*EXERCISE*: Transcribe all data verbatim. Skip the pictures.

*DATA EXCERPT*:
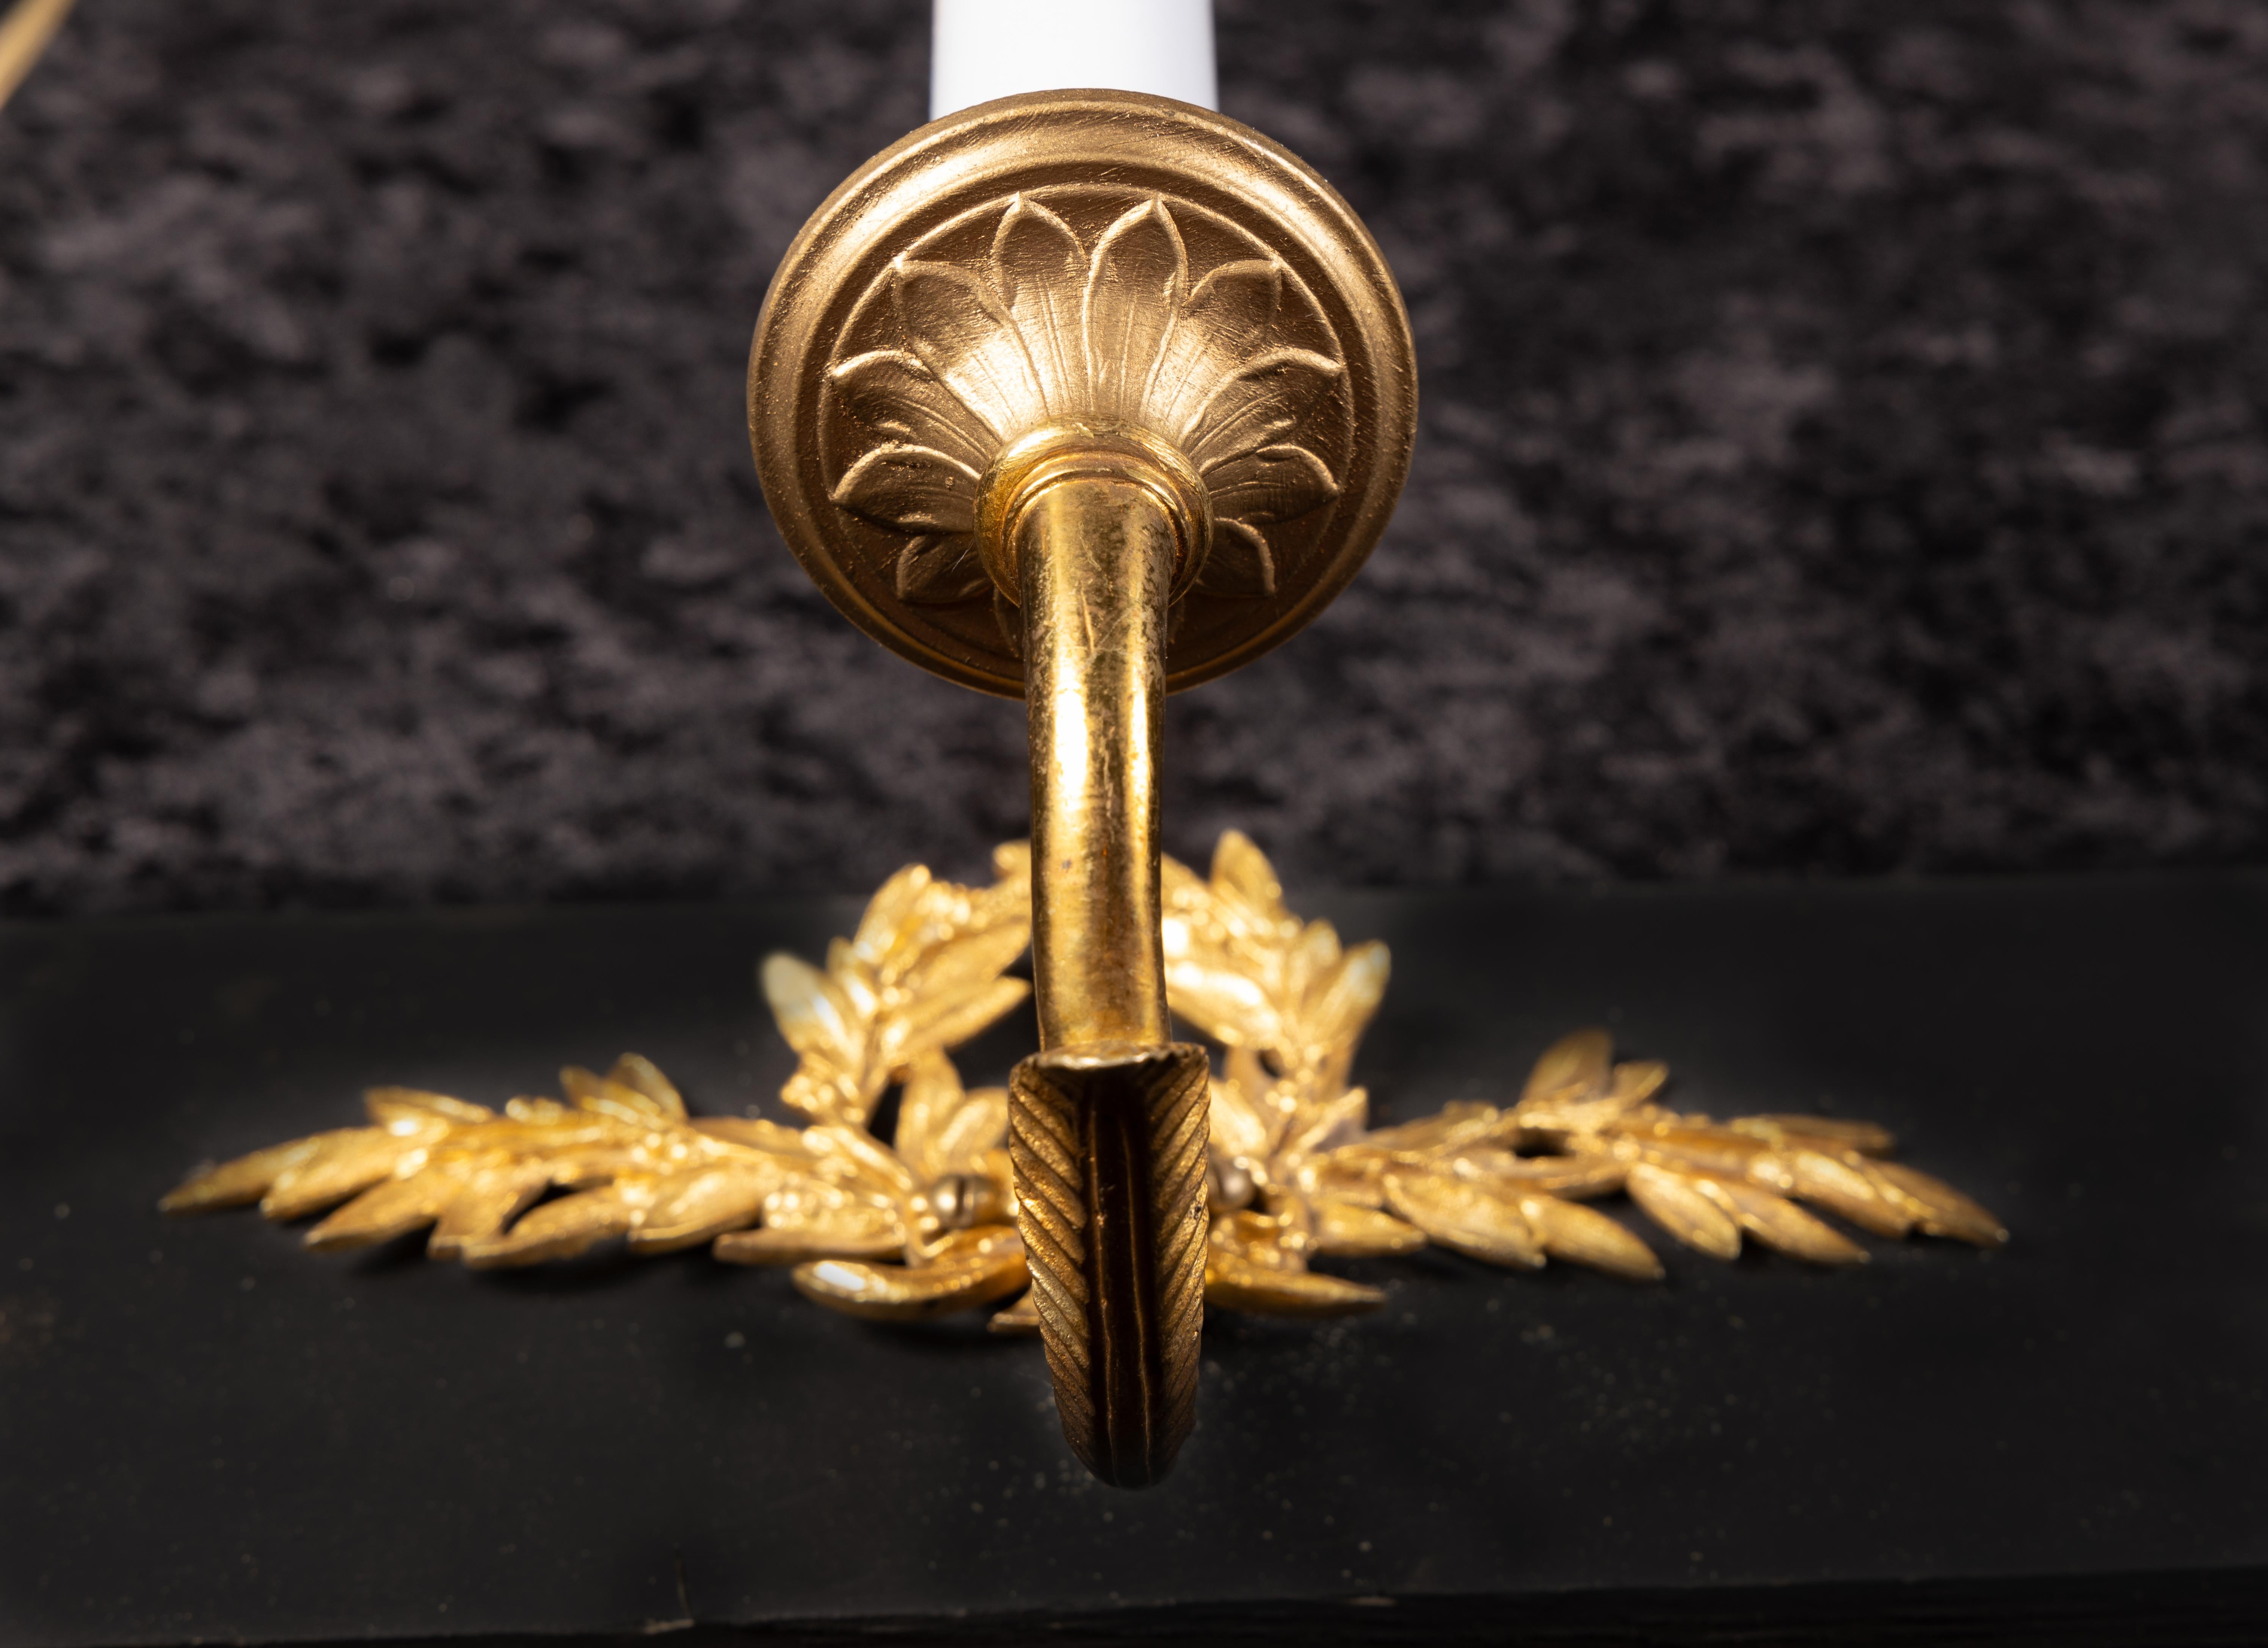 Wunderschöne französische Bronzeleuchter aus dem 19. Jahrhundert im Louis XVI-Stil mit einer schönen ziselierten Bandrückwand. Satz von drei verfügbar.

Jedes Stück in unserem Geschäft ist professionell neu verkabelt und funktionstüchtig. Sie wurden
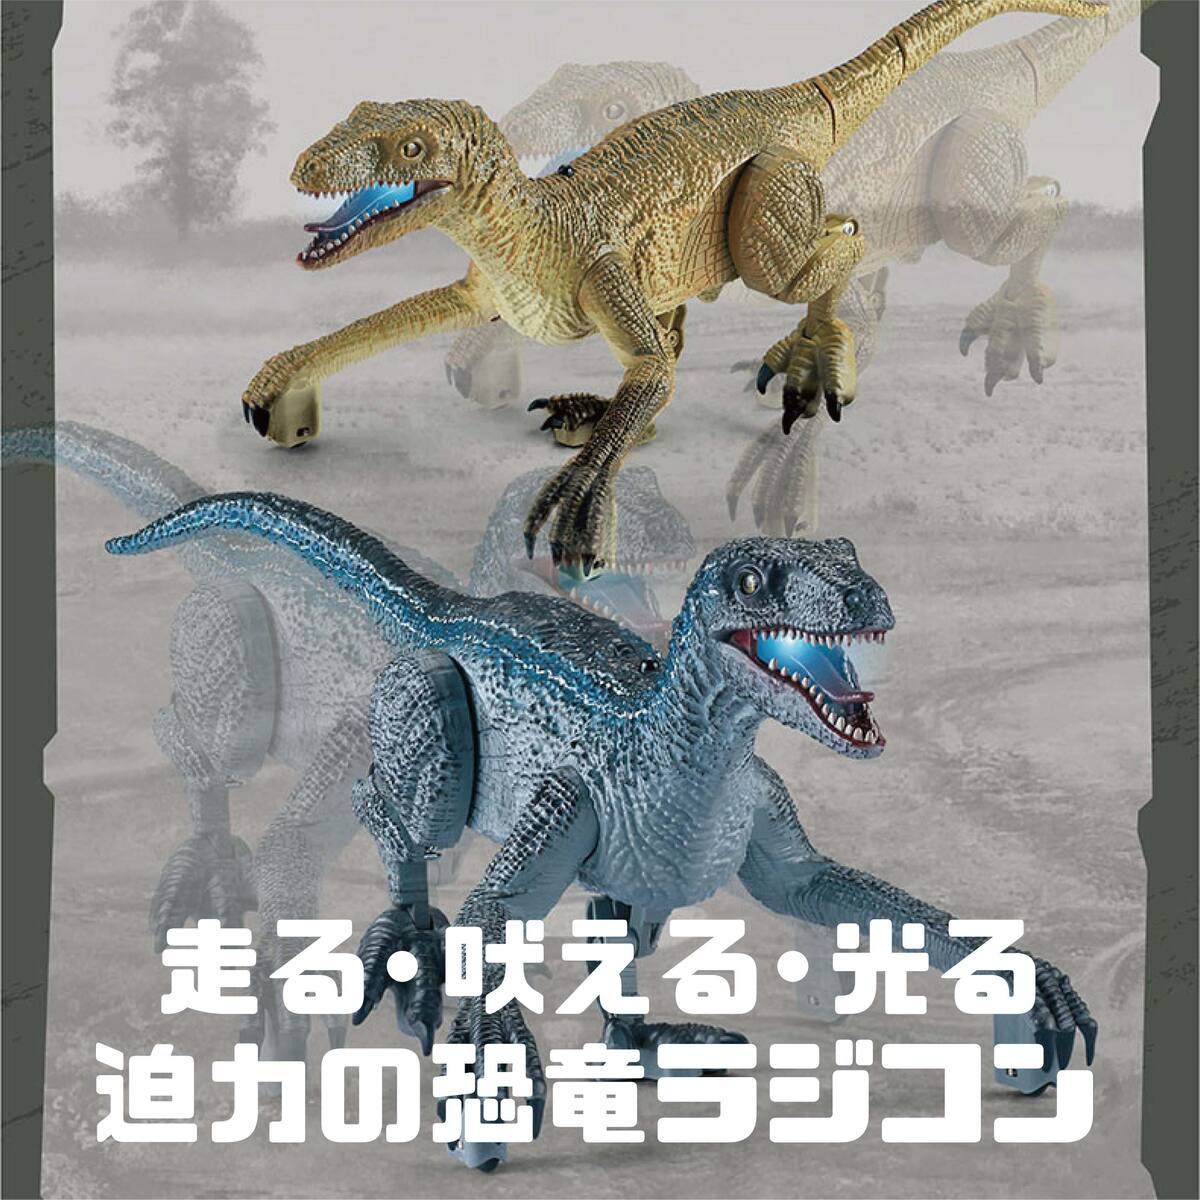  динозавр радиоконтроллер Dinosaur игрушка двигаться je lachic ... большой динозавр товары [ динозавр verokilaptoru] ребенок игрушка популярный нравится основной led установка usb зарядка 
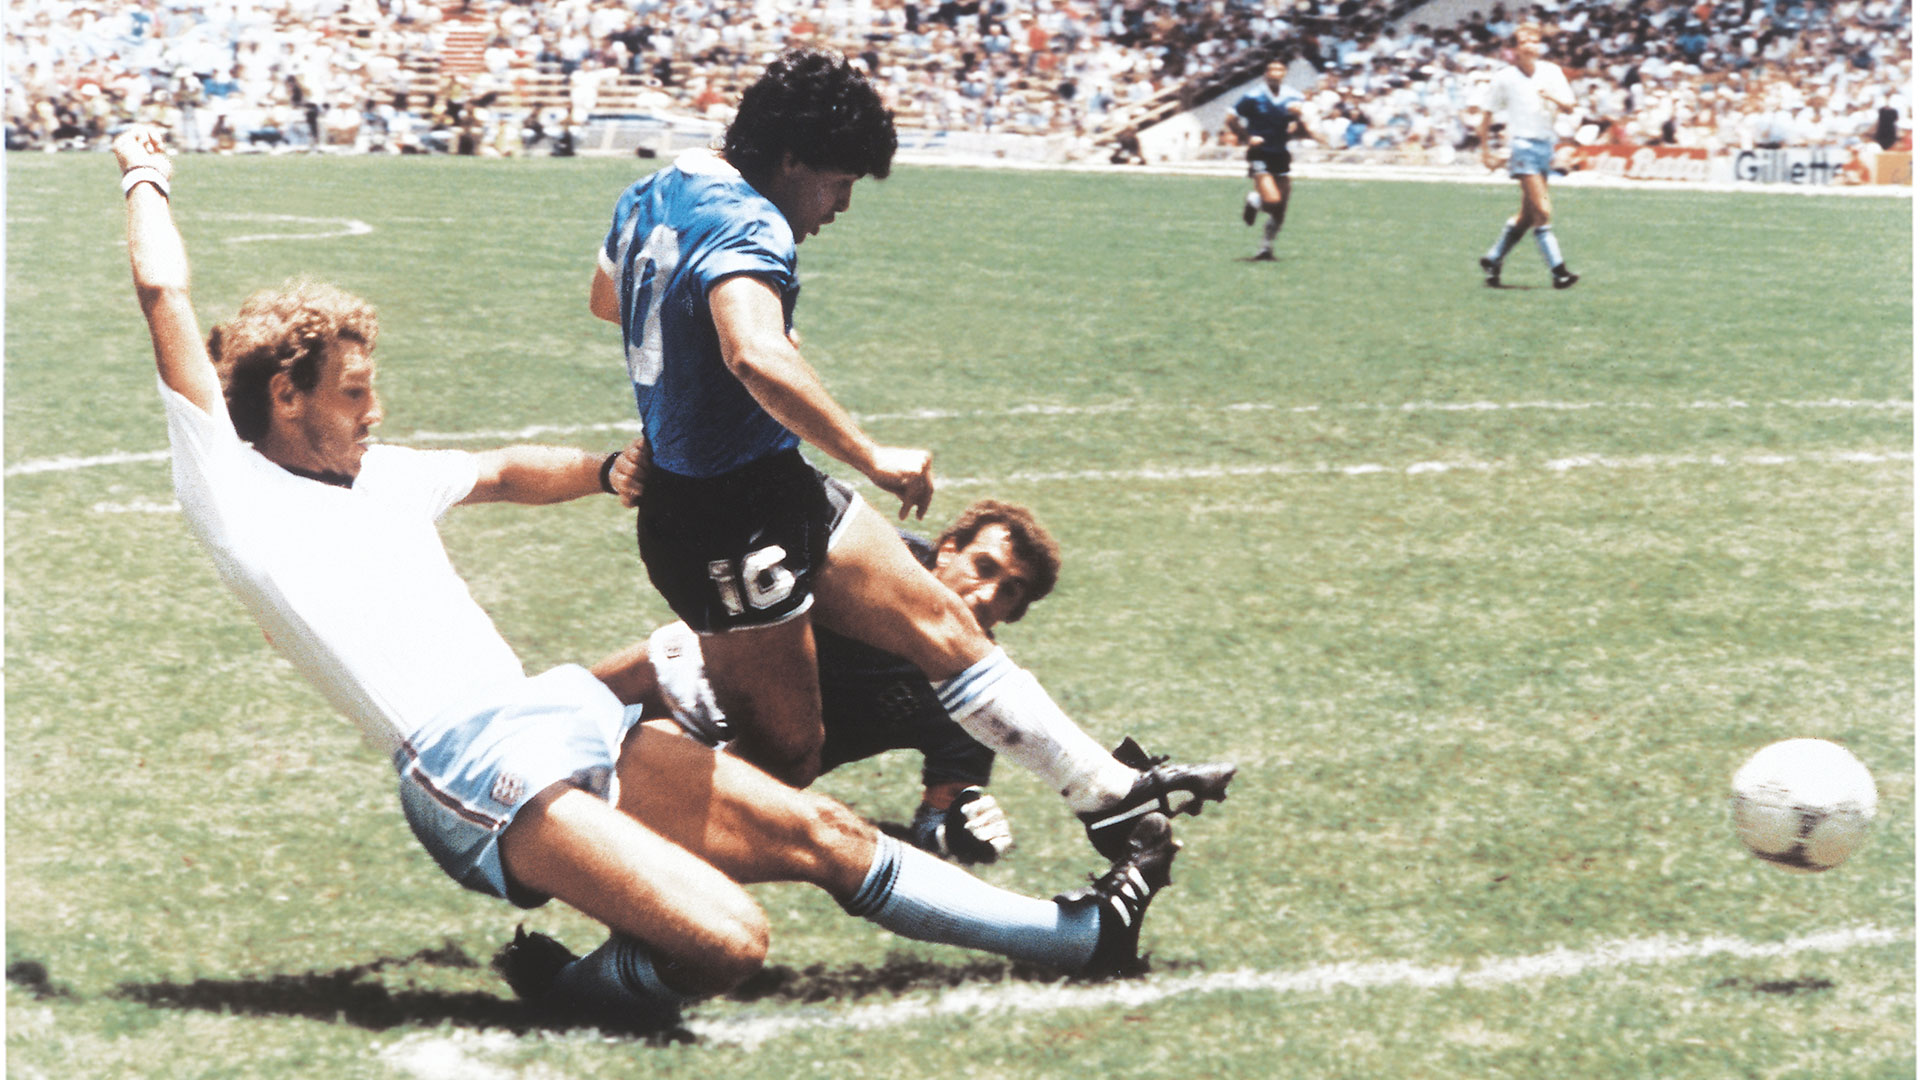 El momento preciso de la definición de Diego para rubricar "el gol del siglo" (Getty Images)

*RESPONSE TO THIS TASK*:
 Wunderschöne französische Bronzeleuchter aus dem 19. Jahrhundert im Louis XVI-Stil mit einer schönen ziselierten Bandrückwand. Satz von drei verfügbar.

Jedes Stück in unserem Geschäft ist professionell neu verkabelt und funktionstüchtig. Sie wurden
  динозавр радиоконтроллер Dinosaur игрушка двигаться je lachic ... большой динозавр товары [ динозавр verokilaptoru] ребенок игрушка популярный нравится основной led установка usb зарядка 
 El momento preciso de la definición de Diego para rubricar "el gol del siglo" (Getty Images)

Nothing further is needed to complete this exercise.